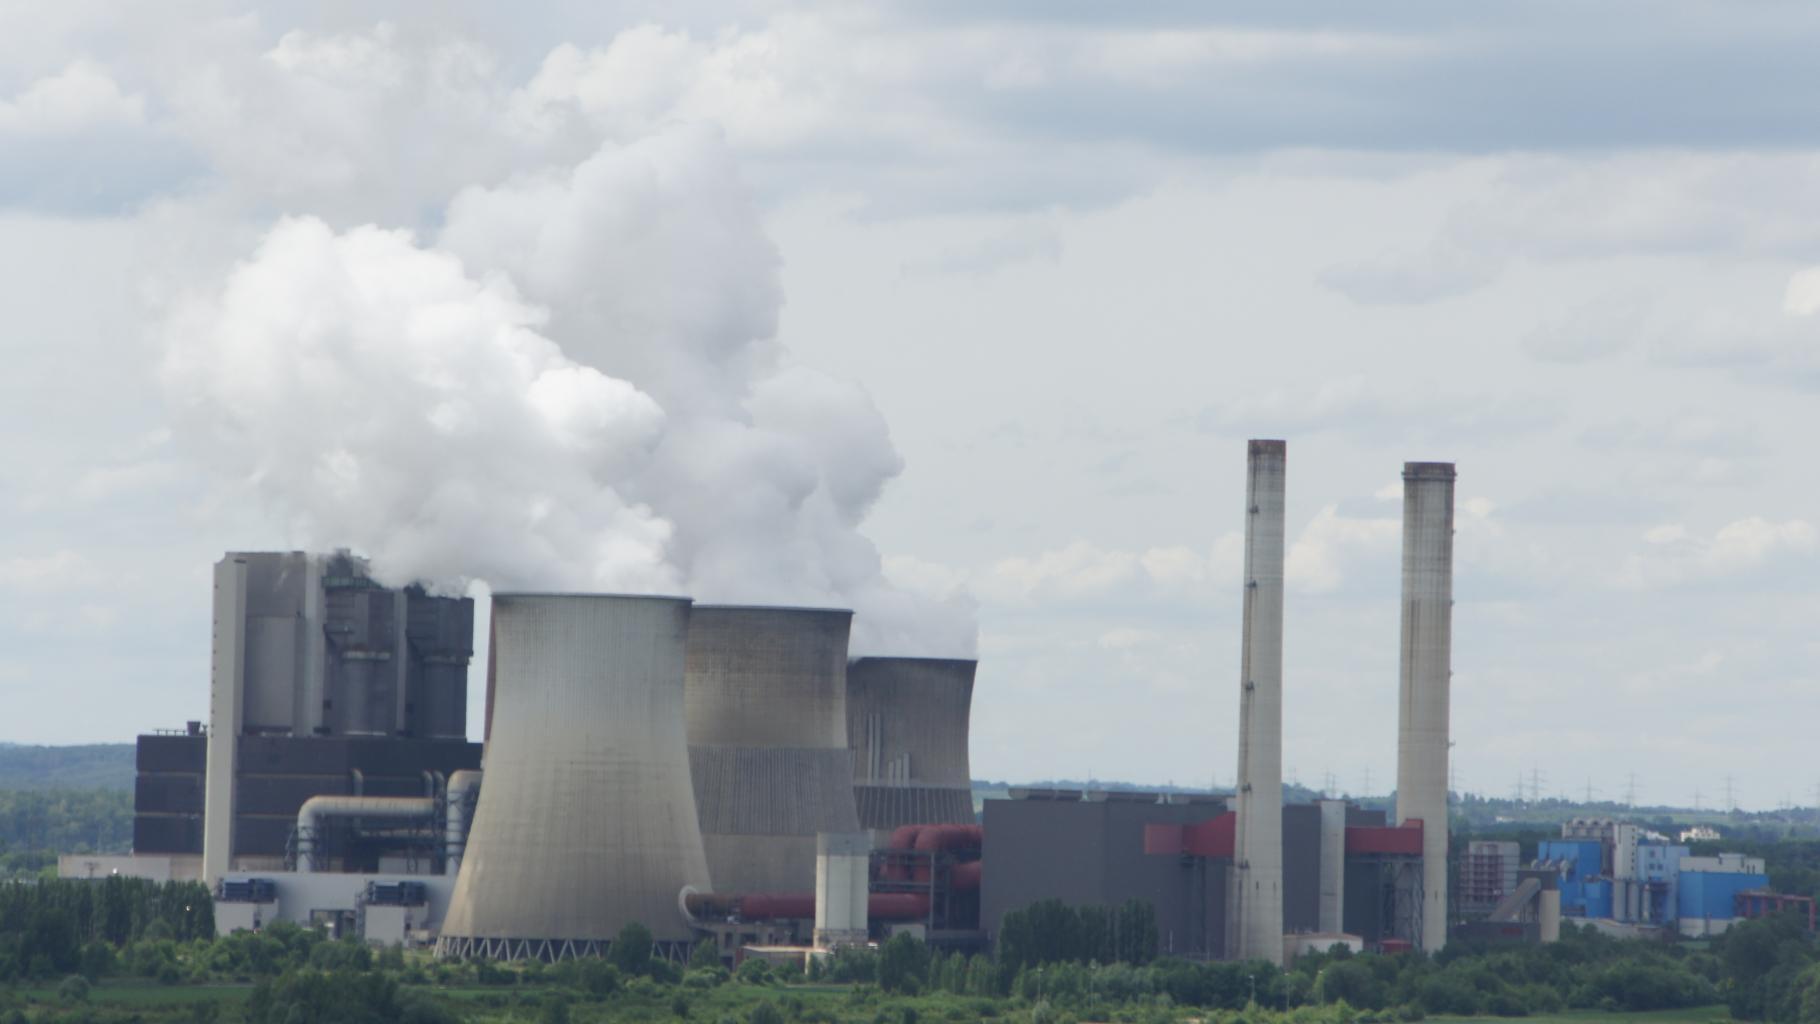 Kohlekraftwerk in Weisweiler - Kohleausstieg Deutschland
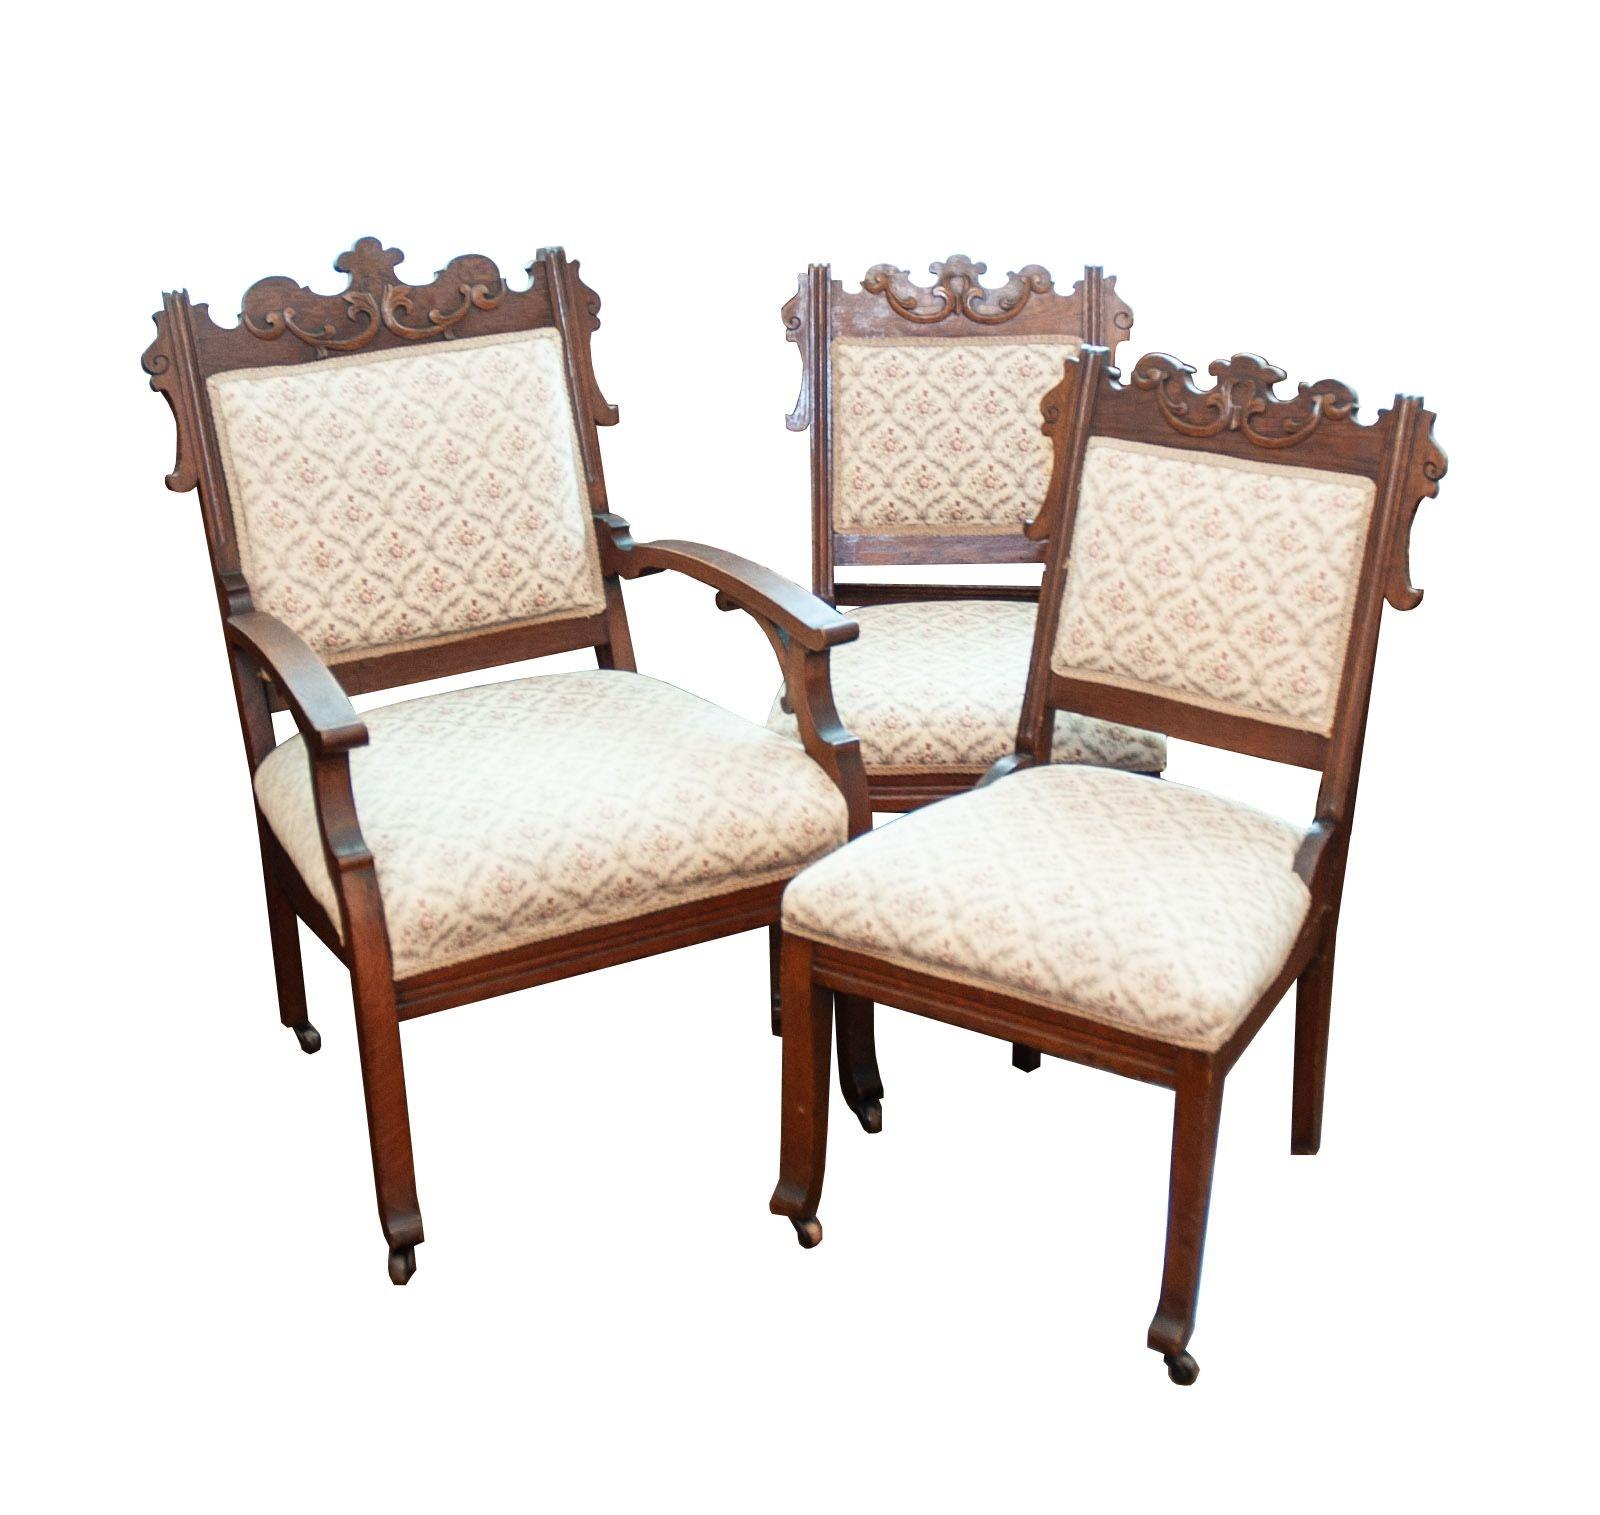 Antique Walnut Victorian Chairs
==
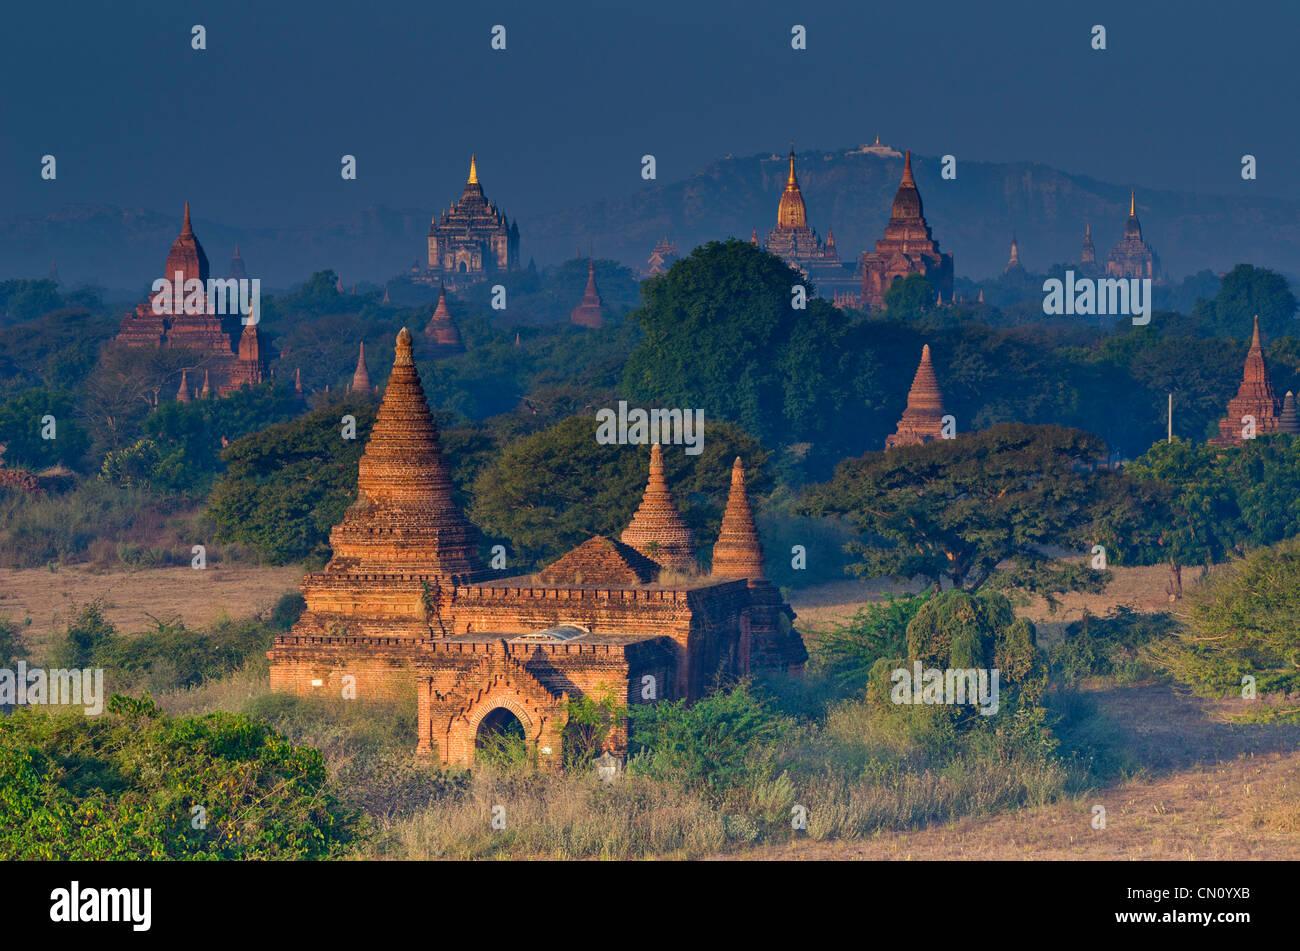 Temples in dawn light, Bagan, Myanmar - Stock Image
--
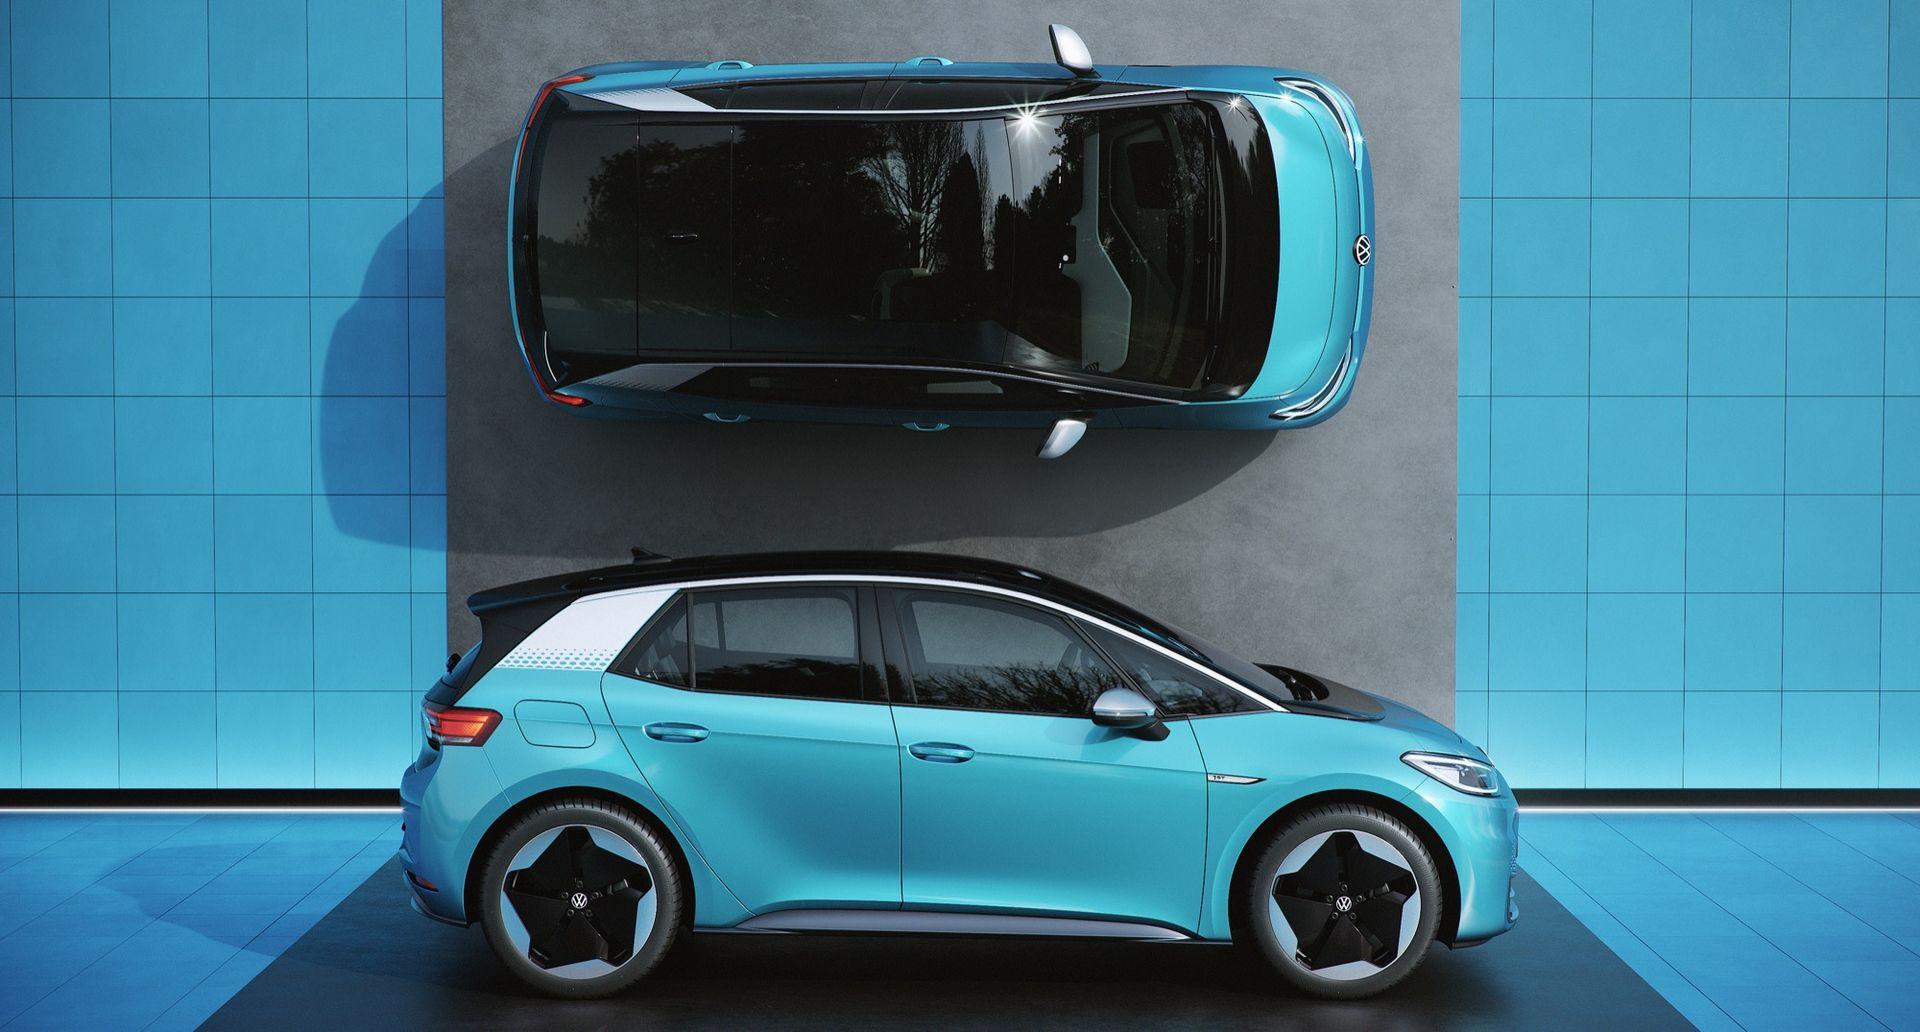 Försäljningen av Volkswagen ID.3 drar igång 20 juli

▶ [TASK ITEM]: In the material above, which lines fall between the one holding "Kohlekraftwerk in Weisweiler" and the one holding "Antique Walnut Victorian Chairs", inclusive? Print exactly those, with the pictures left out.

▶ [RESULT BELOW]:
 Kohlekraftwerk in Weisweiler - Kohleausstieg Deutschland
 Antique Walnut Victorian Chairs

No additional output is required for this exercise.